Extreme precipitation and spatial dependencies
Extreme precipitation in Switzerland accounting for spatial dependence
High-resolution precipitation data sets usually cover an all too short time span to cover several heavy precipitation events with different spatial characteristics. Thanks to a new methodological approach, the Mobiliar Lab is able to generate such event data.
Seasonal weather forecasts are now operationally calculated by several weather centers. These forecasts extend beyond the forecast horizon of classical weather forecasts. They aim at estimating seasonal trends and answering questions like: Will the coming winter be exceptionally cold? Will the next summer be especially dry?
For Central Europe, the accuracy of such predictions is currently low. Nevertheless, the simulations calculated by the models are realistic. They represent one of the possible variants - or in technical jargon: a possible realization of the climate system. Seasonal weather forecasts are therefore an archive in which you can search for heavy precipitation events or other weather extremes.
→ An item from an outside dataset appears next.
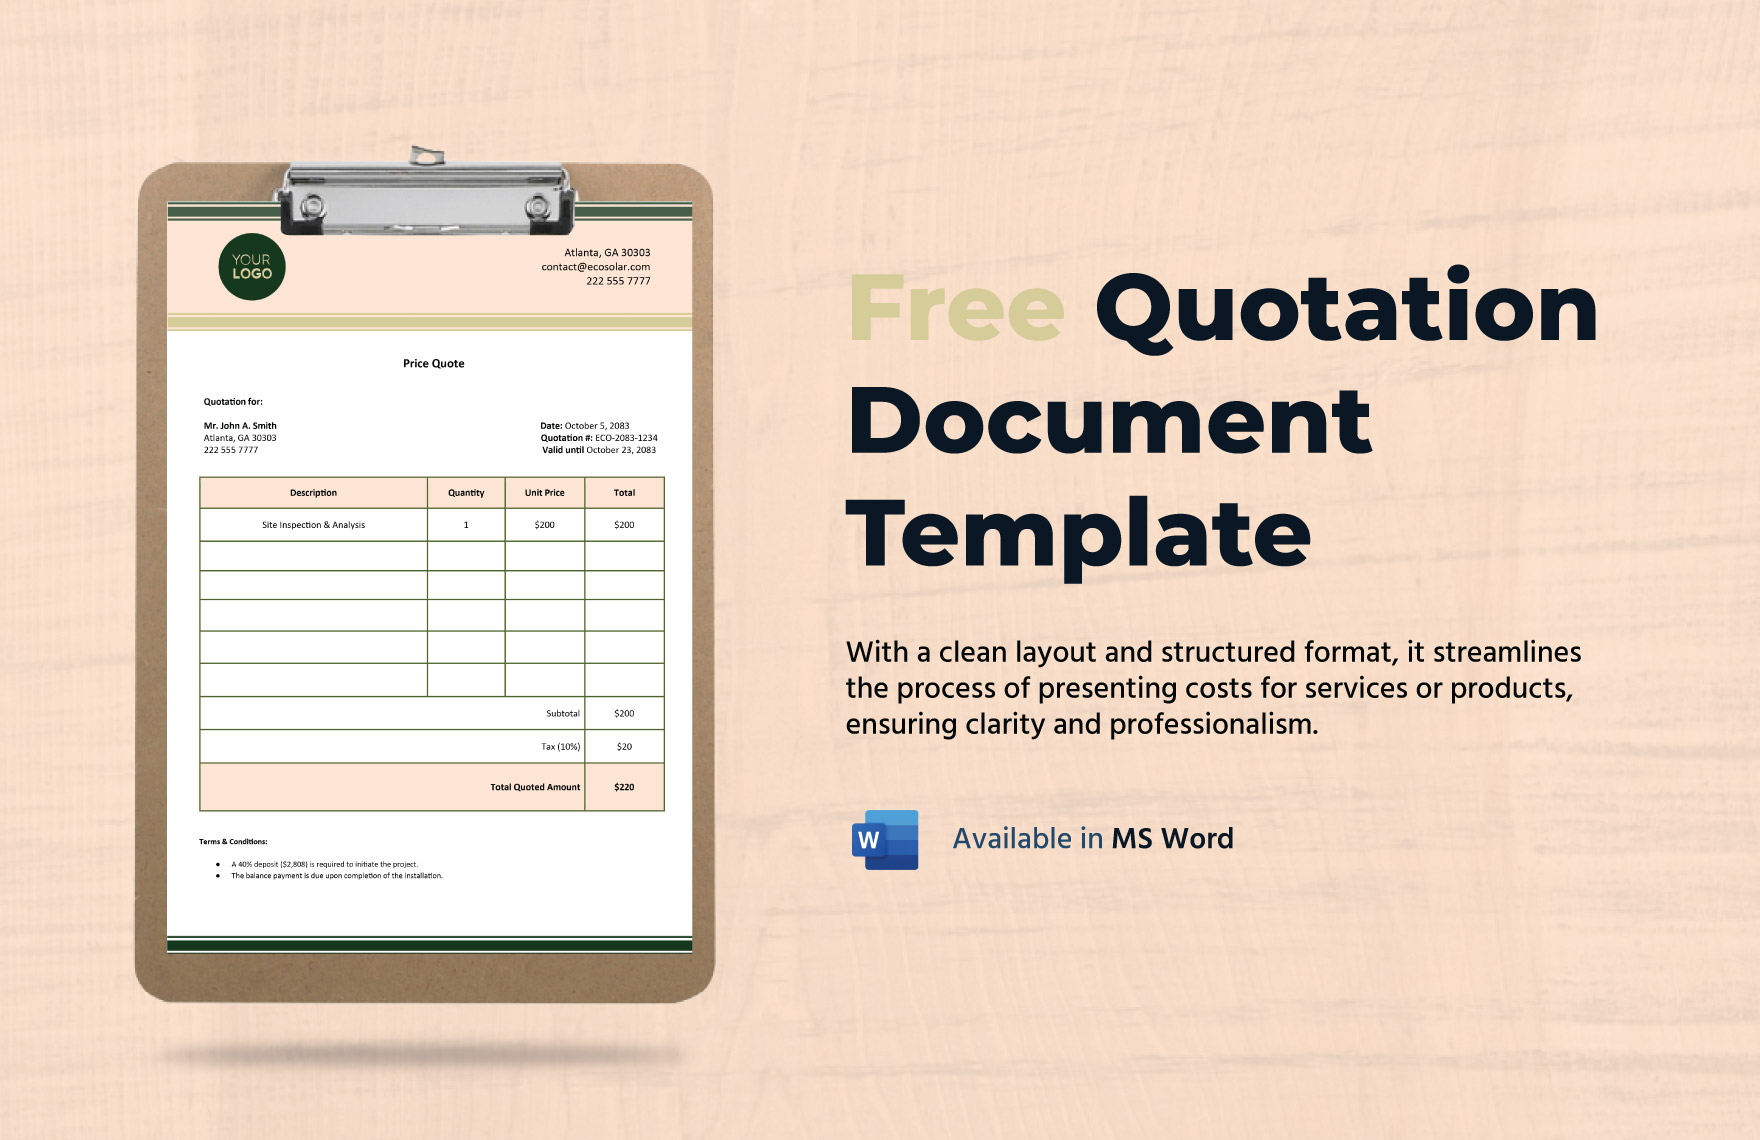 Free Quotation Document Template

Data from this archive can supplement measurement series and provide additional information on extreme, and thus rare, events.
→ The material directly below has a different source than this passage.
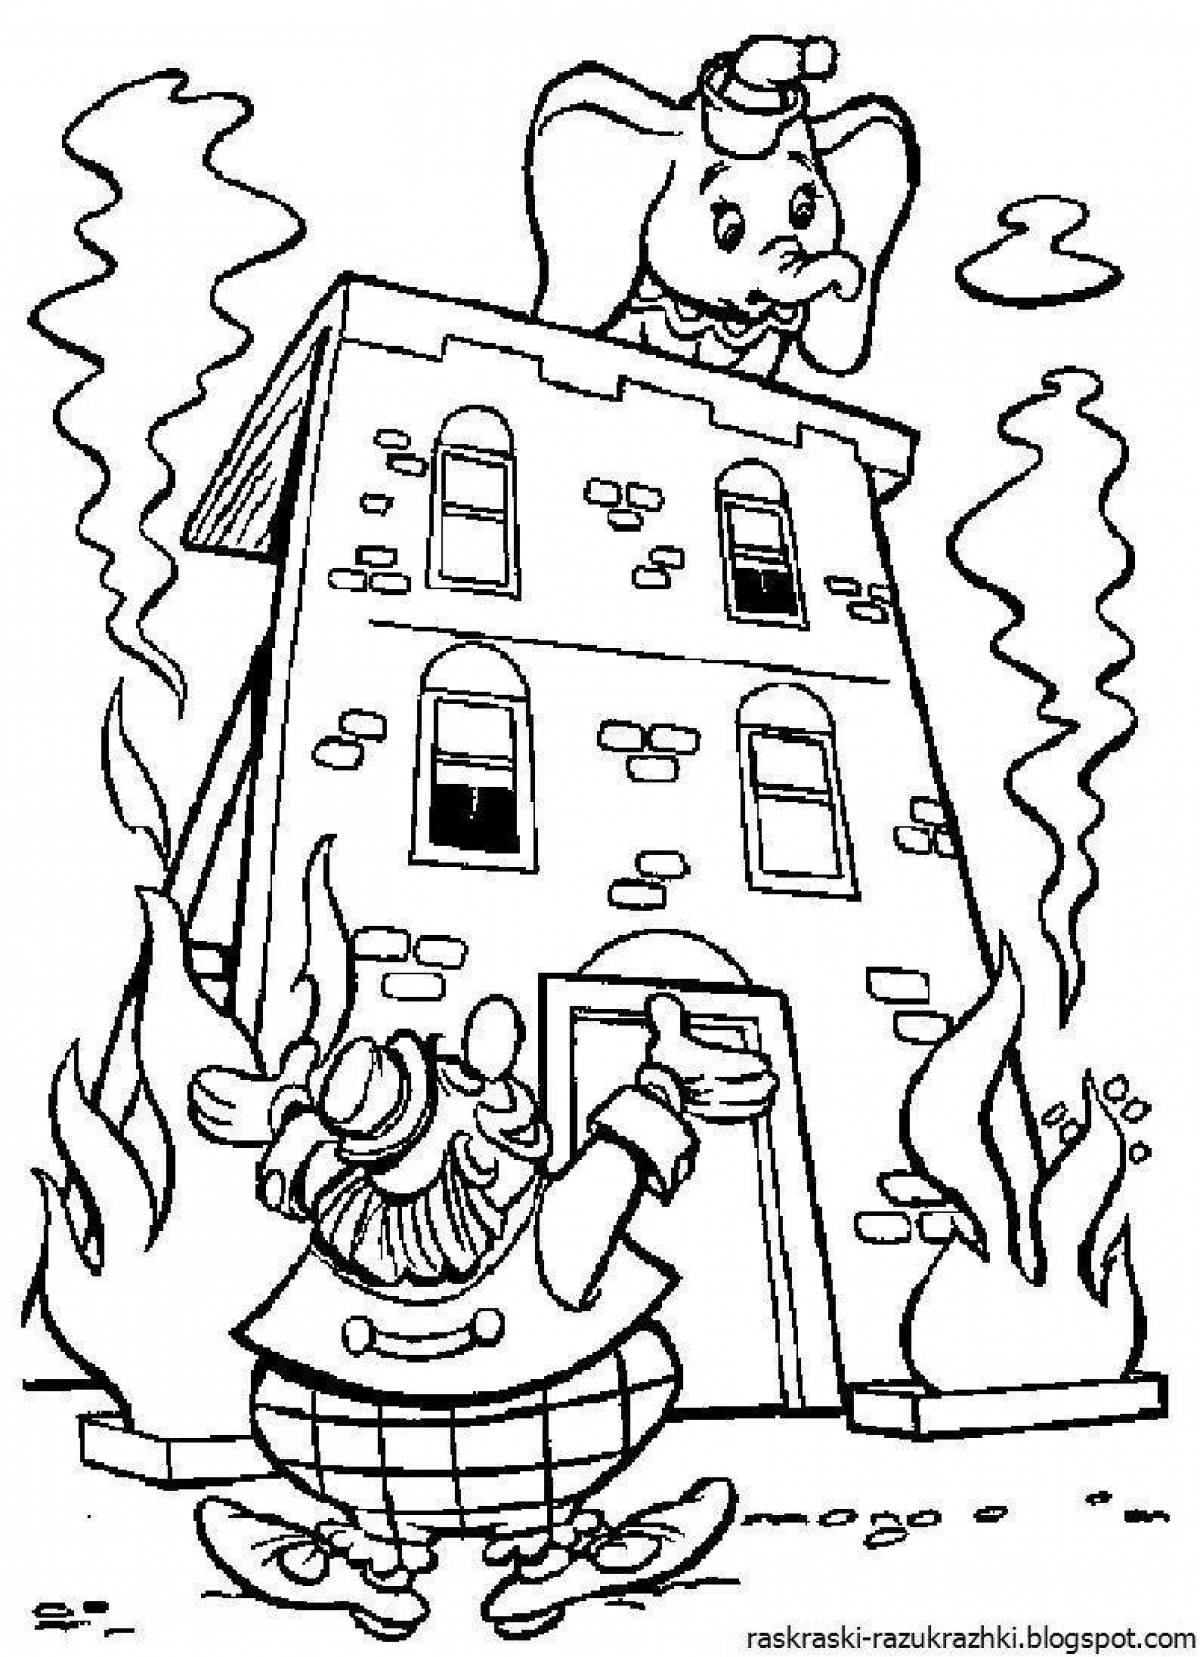 Colorful fire safety coloring pages for children 6-7 years old

The Mobiliar Lab has tested this approach with data from the European Centre for Medium-Range Weather Forecasts for Switzerland. In total, the dataset covers around 9000 years of weather simulations. The grid width of this geodata is about 35 kilometers, the temporal resolution 6 hours. For a global weather model this spatial and temporal resolution is very high, but for hydrological applications in small-scale Switzerland it is too coarse. One of the challenges of the project was therefore to increase the resolution of the model. The Mobiliar Lab applied a statistical method for this purpose, which is also used in the context of climate change studies.
The experiments conducted in the context of the study have shown that this approach actually works for Switzerland. This is for three reasons: First, the spatial and temporal resolution can be increased with the chosen statistical method. Second, the simulations of the weather model reproduce the statistical properties of observed heavy precipitation events. And third, the data set contains extreme precipitation events with different spatial characteristics.
For small areas, however, the approach can only be applied to a limited extent. Artificially increasing the spatial and temporal resolution fails when it comes to reproducing high precipitation intensities on a small spatial scale, such as those measured by weather stations. However, if the focus is on catchment areas larger than 300 km2 , which is the area of the Canton of Schaffhausen, the precipitation scenarios provide realistic values.